Alaska announced a pretty big improvement to their Mileage Plan program today, which will be great news for those that credit partner flights to Alaska. While Alaska has over a dozen airline partners across the alliances, they’re not all eligible for elite qualifying mileage accrual.
As of now, only the following partner airlines are eligible for elite qualifying mileage accrual through Mileage Plan:
However, as of January 15, 2014, all international Mileage Plan partners will be eligible not just for redeemable mileage accrual, but also for elite qualifying mileage accrual. This means the following five airlines are being added as partners eligible for elite mileage accrual:
- British Airways
- Korean Air
- Cathay Pacific
- Qantas
- Fiji Airways
Elite qualifying mileage accrual rates will match current redeemable mileage accrual rates for these partner airlines. You can find those earnings rates by partner here.
Alaska’s Mileage Plan program is interesting to begin with since they have different thresholds for elite status based on whether you’re just flying Alaska Airlines or whether you’re also crediting miles to them from partner airlines. For example, I’m an MVP Gold 75K, which can be earned either by racking up 75,000 elite qualifying miles earned solely on Alaska, or 90,000 elite qualifying miles on a combination of Alaska and partner airlines. Since I credited flights from American, Delta, and Emirates to Alaska, I qualified through the latter method. I actually only flew about 15,000 miles on Alaska this year.

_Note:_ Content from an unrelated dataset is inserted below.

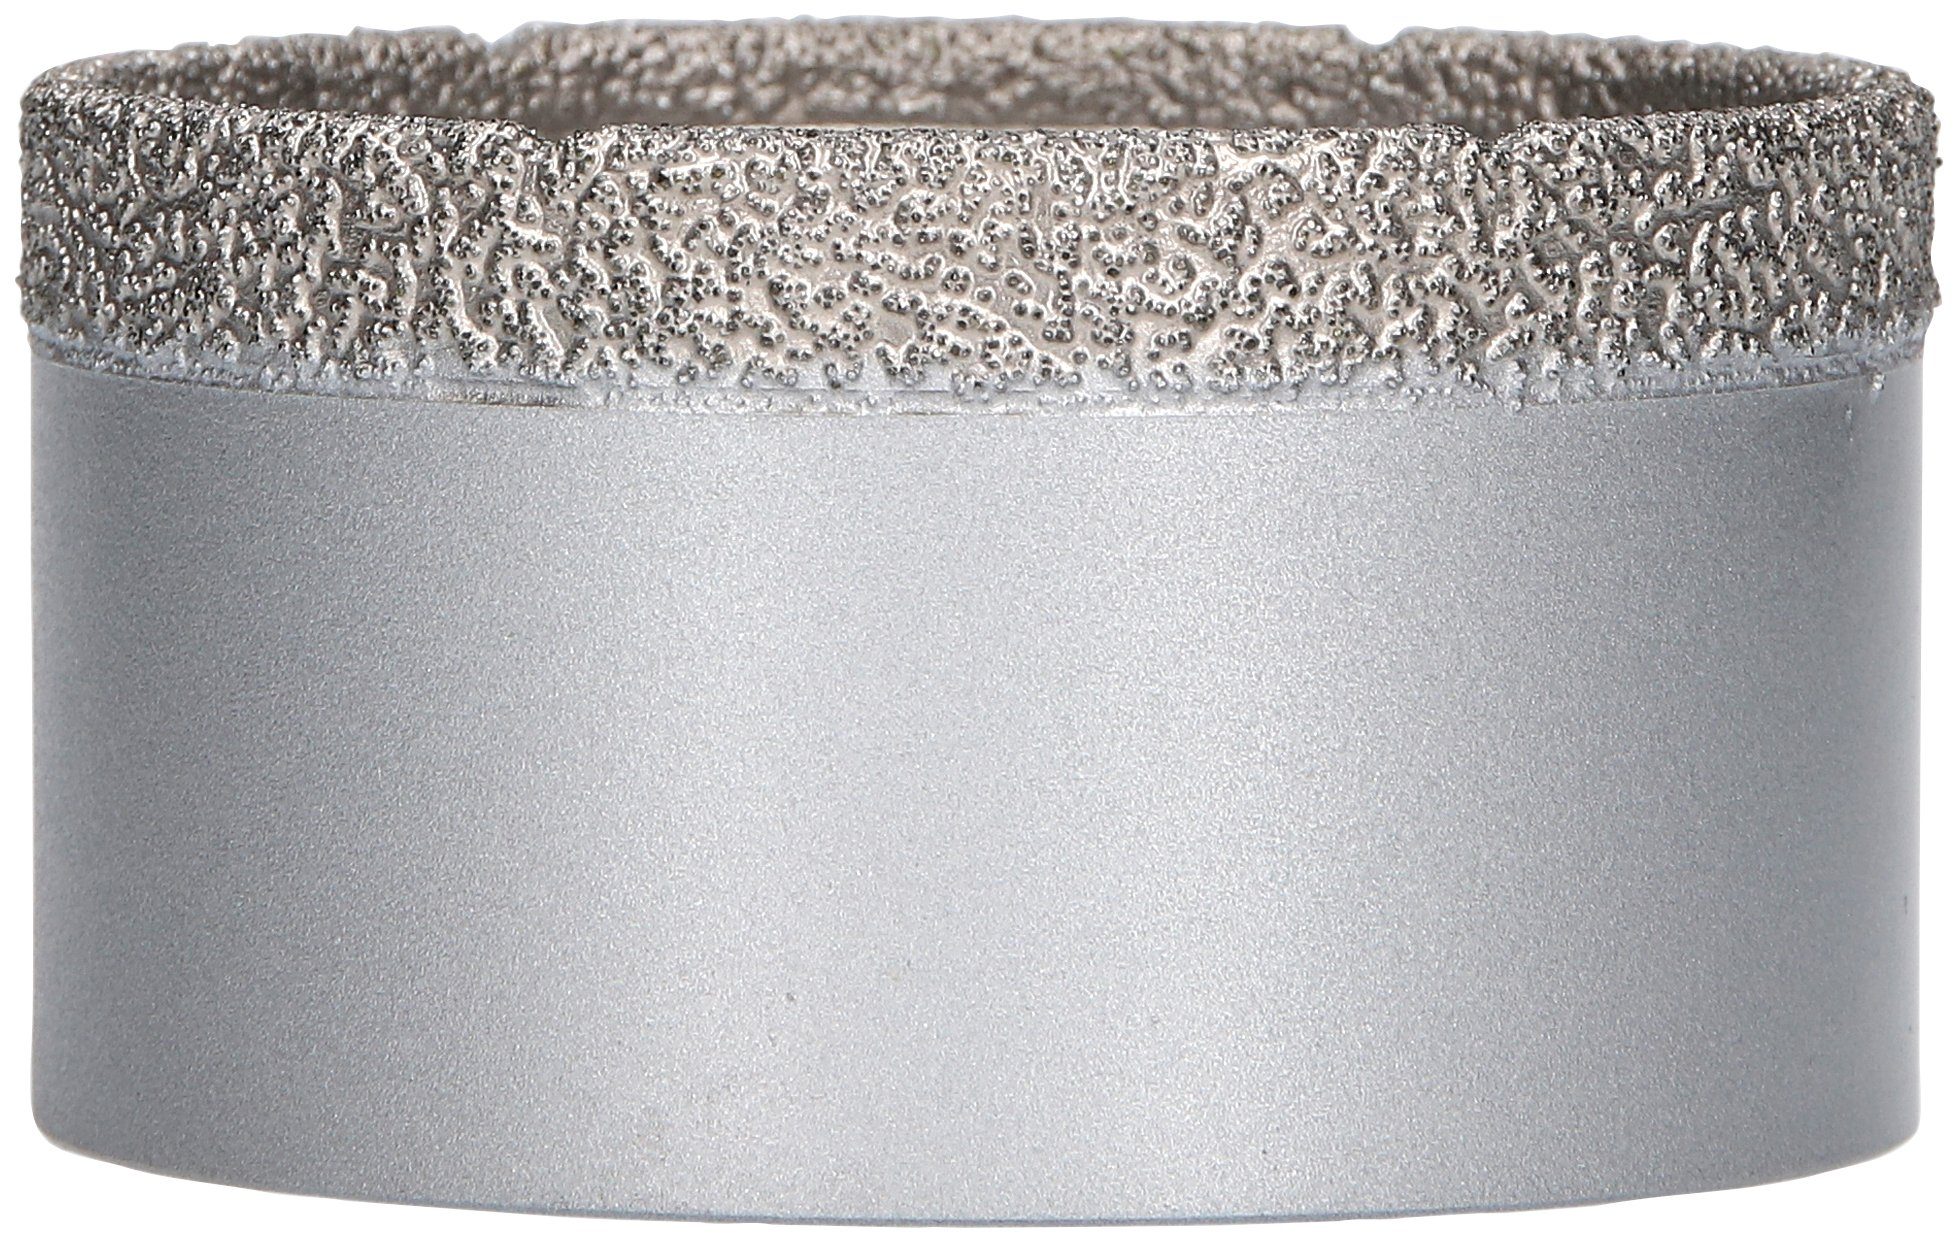 Bosch Speed, 35 75 mm X-LOCK x Professional mm, Ø for Dry Diamanttrockenbohrer Best 75 Ceramic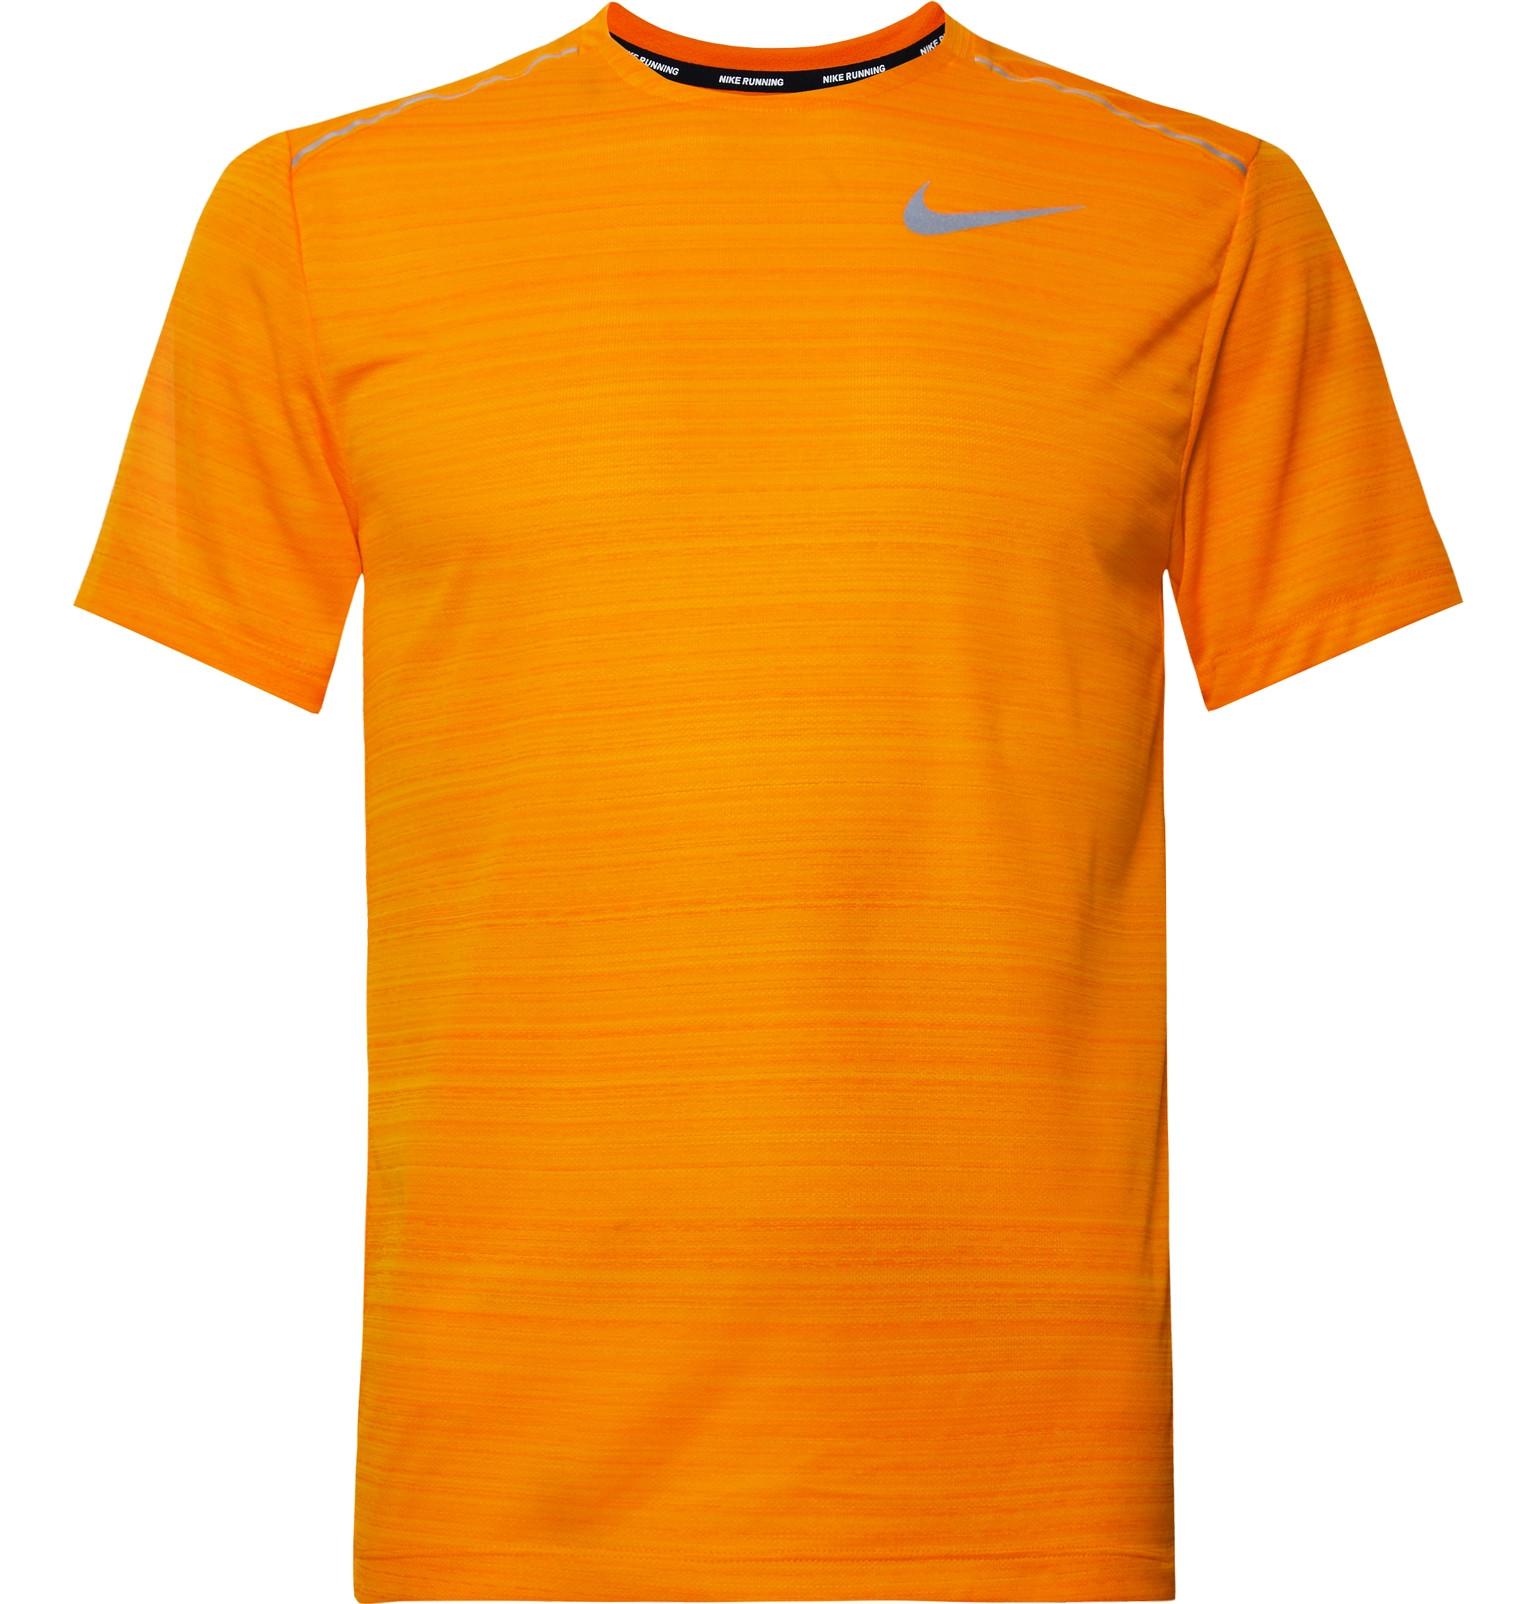 Nike Miler Breathe Dri-fit Mesh T-shirt in Orange for Men - Lyst

My guess is that Alaska’s motivation here is to get even less dependent on Delta. Delta is one of the current partners on which you can earn Alaska EQMs, so really they’re just driving passengers away from Delta and on to other partners with this move.
Anyway, this is a huge improvement, though I do also think every improvement is negative for some. For example, when an airline adds the functionality to book award tickets on more partner airlines online, it’s objectively a positive change, while at the same time it adds competition for those award seats.
Similarly, this will further swell the elite ranks at Alaska, which isn’t a bad thing, since it’s a logical change. But there are only so many first class seats to upgrade into. Then again I’m not really one to talk, given that a vast majority of my Alaska mileage activity comes from partner airlines. 😉
@ leslie -- Unfortunately that's correct, as they don't partner with DragonAir. Kind of ridiculous, I know.
While not ideal, Cathay Pacific does fly to Ho Chi Minh City.
Help!! I try to check on using alaska miles for traveling sfo to han on cathay pacific but alaska rep said it can't be done because they do not partner with dragonair which will fly out of hong kong. They can only get me to hong kong? Thanks in advance
This is probably a topic for another day, but as an Execplat on AA who is not going to requalify, I was wondering what you think is the best strategy for a status match as of July 1, 2014.
Alaska? Delta? United?
I figure if I status match on July 1, I'd be X through Feb 2016 with the new airline. Just wondering which of the three would match American Executive Platinum the best for an LAX-bound flyer. Thanks!
Which
Hey, Lucky, EVA is finally changing their Seattle route to 777-300ER starting Aug 6th, 2014!!! God has finally answered my prayer,lol.......
@ Andy -- Well the issue is you wouldn't have the same upgrade priority, so if it's a Delta flight where you're hoping to upgrade you're probably better off continuing to credit to them.
As a Delta flyer with 100K EQMs this year. Does it make sense to hit Platinum 75K and bank the rest to Alaska? Elite on two airlines, allows flexibility.
I think the Alaska flyers can thank Delta for this. It makes the Alaska program look pretty good to Seattle based flyers especially those that do some overseas travel.
Offering EQM's on Cathay and Korean when Delta is starting to fly competitive routes from Seattle pretty much signals their partnership is over.
Seattle residents should benefit greatly as this plays out.
@Lucky and @Kumar - If you purchase an Alaska Board Room membership (lounge) they enjoy reciprocal benefits with partner lounges, FWIW.
@ Kumar -- That's the one downside to Alaska, they don't belong to an alliance so you don't get lounge access based on your status when flying partner airlines.
Can you utilize Alaska FF benefits on oneworld and sky alliance airlines..for example lounge access, baggage?